Накануне отъезда в одиннадцать утра я отправился с визитом к некоей баронессе, чтоб передать ей письмо от сына, бывшего в Варшаве на королевской службе. Я велю доложить, и меня просят обождать полчаса, пока госпожа оденется. Я сажусь на софу рядом с юной девицей, красивой, хорошо одетой, в мантилье, с мешочком для рукоделия в руках; она меня заинтересовала, я спрашиваю, не ждет ли она, как я, баронессу.
— Да, сударь, я пришла просить места гувернантки-француженки для ее дочерей.
— Гувернантки, в ваши лета?
— Увы! и в молодые годы терпят нужду. Я потеряла отца и мать, брат мой, бедный лейтенант, ничем мне помочь не в состоянии; что прикажете делать? Я могу честно зарабатывать на хлеб, полагаясь единственно на начатки воспитания моего.
— Сколько вам в год положат?
— Увы! Пятьдесят жалких экю на платье.
— Не густо.
— Больше не дают.
— А сейчас вы где живете?
— У бедной тети, где день-деньской шью рубашки, чтоб заработать на жизнь.
— А что, если я предложу вам место гувернантки, но не при детях, а у благородного человека? Будете жить со мной и получать пятьдесят экю не в год, а в месяц.
— Быть вашей гувернанткой? Вашей семьи, вы имеете в виду.
— Нет у меня семьи, я одинок, я странствую. Я завтра в пять утра еду в Дрезден, и в моей карете найдется место для вас, если вы пожелаете. Я остановился в таком-то трактире, приходите пораньше со своим сундучком и в путь.

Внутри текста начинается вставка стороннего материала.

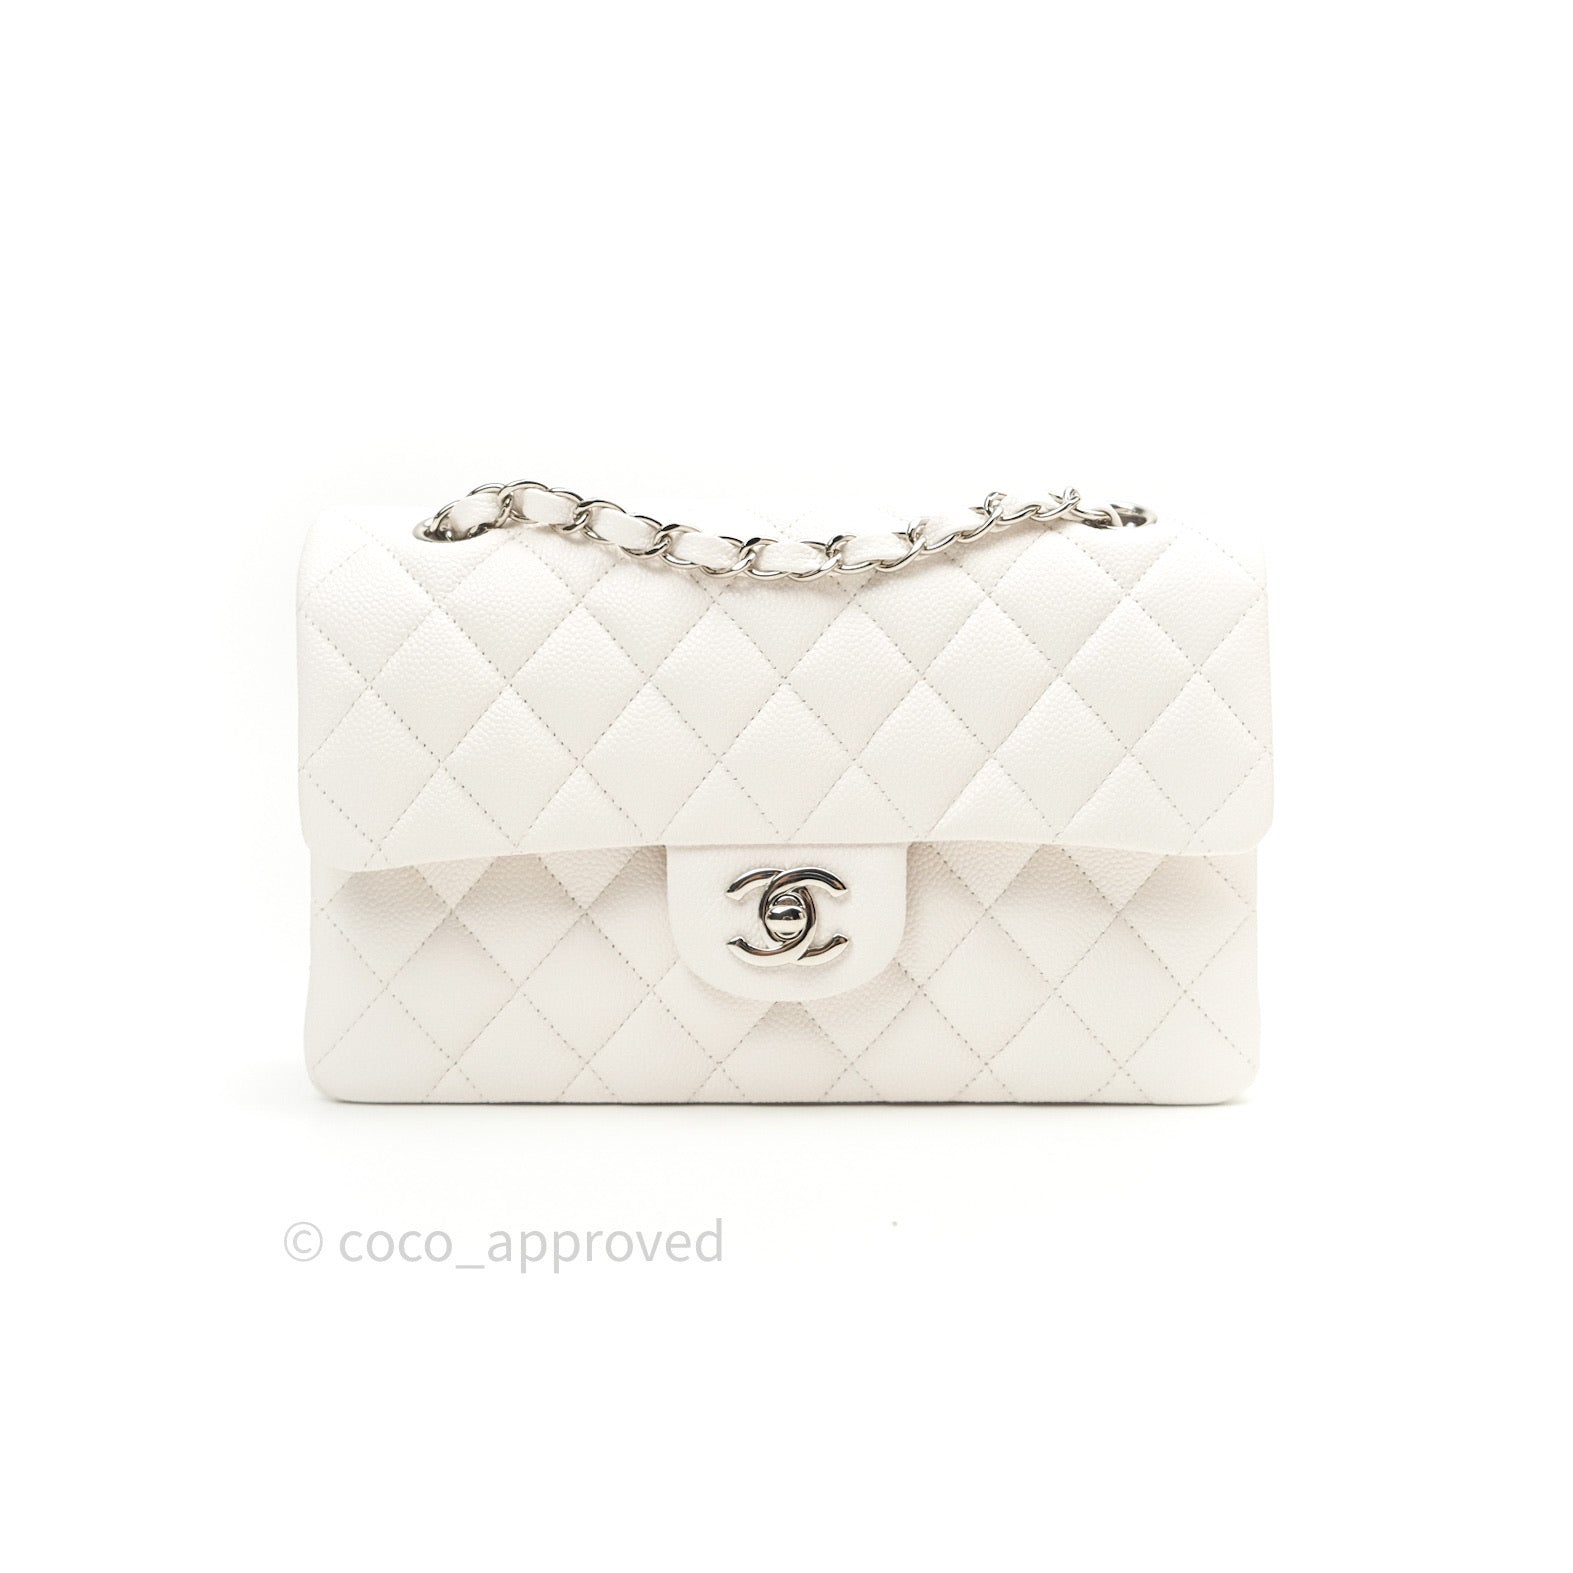 white chanel bag with silver hardware purse
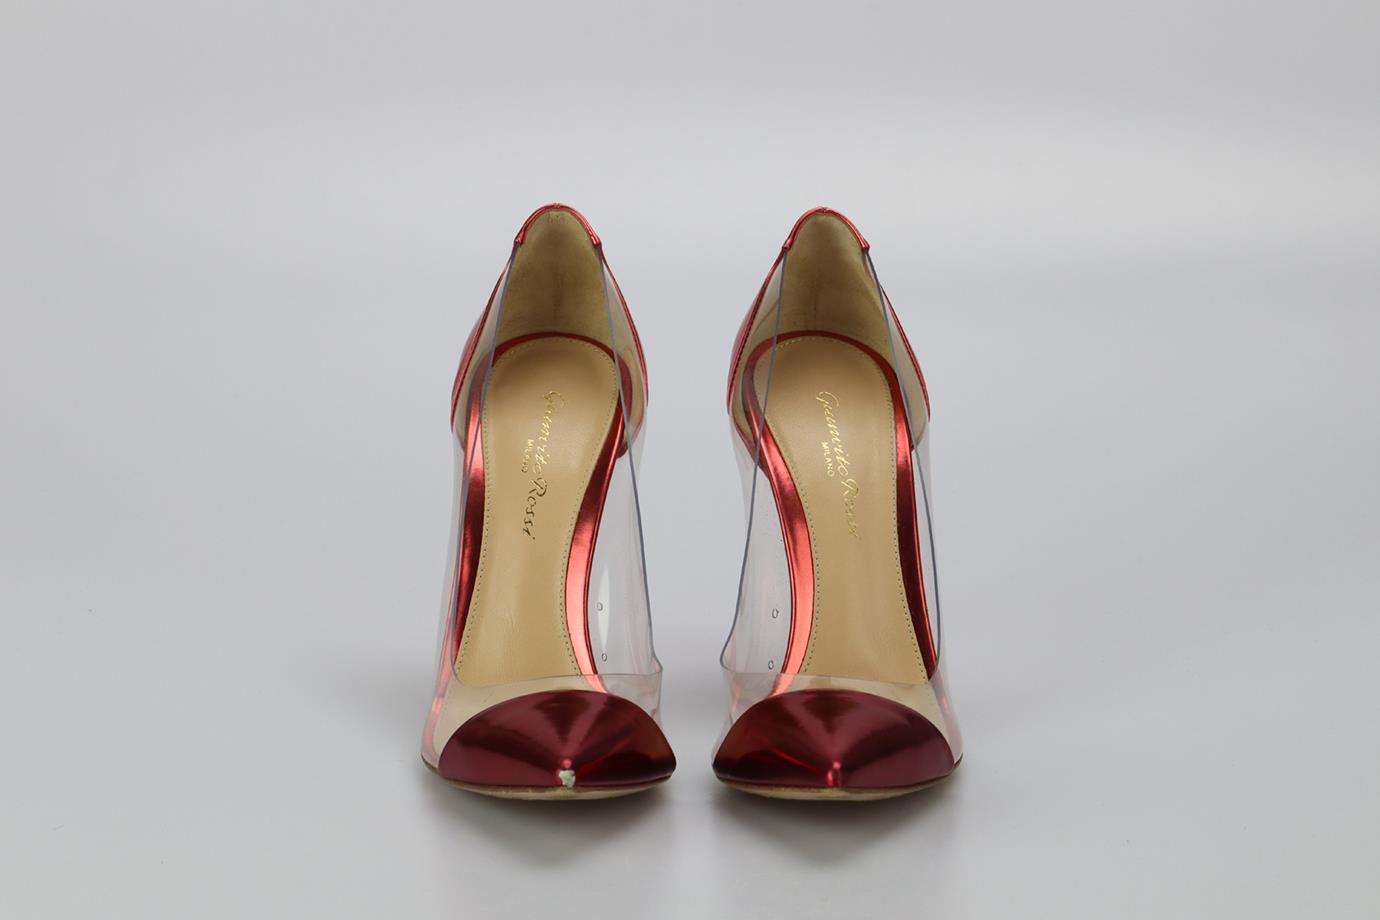 GIANVITO ROSSI PVC AND PATENT LEATHER PUMPS EU 37.5 UK 4.5 US 7.5

— Вы, верно, шутите, и потом я вас совсем не знаю.
— Я не шучу, а что до того, что вы меня не знаете, то, спрашивается, у кого из нас больше оснований желать получше узнать другого? Мы отлично узнаем друг друга за сутки, чего же более.
Я говорил серьезно, искренне, барышня уверилась, что я не дурачусь, и до крайности удивилась. Я и сам поразился, что так дело обернулось, предложил-то я это сперва для красного словца. Уговаривая девицу, я уговорил себя; случай следовал по мудрым правилам шалопайства, и я с удовольствием примечал, как она раздумывает, поглядывает на меня украдкой, чтоб понять, не насмехаюсь ли я. Мне казалось, я наперед знаю, какие мысли ее занимают, и я все истолковывал в лучшую сторону. Я выведу барышню в свет, придам лоску, научу обхождению. Я не сомневался, что девица она честная и чувствительная, и радовался, что мне выпадет счастье просветить ее, разрушить ложные представления о добродетели. Я фатовато достаю из кармана два дуката и даю ей в счет первого месяца. Она берет их, скромно, нерешительно, убедившись, что я ее не обманываю.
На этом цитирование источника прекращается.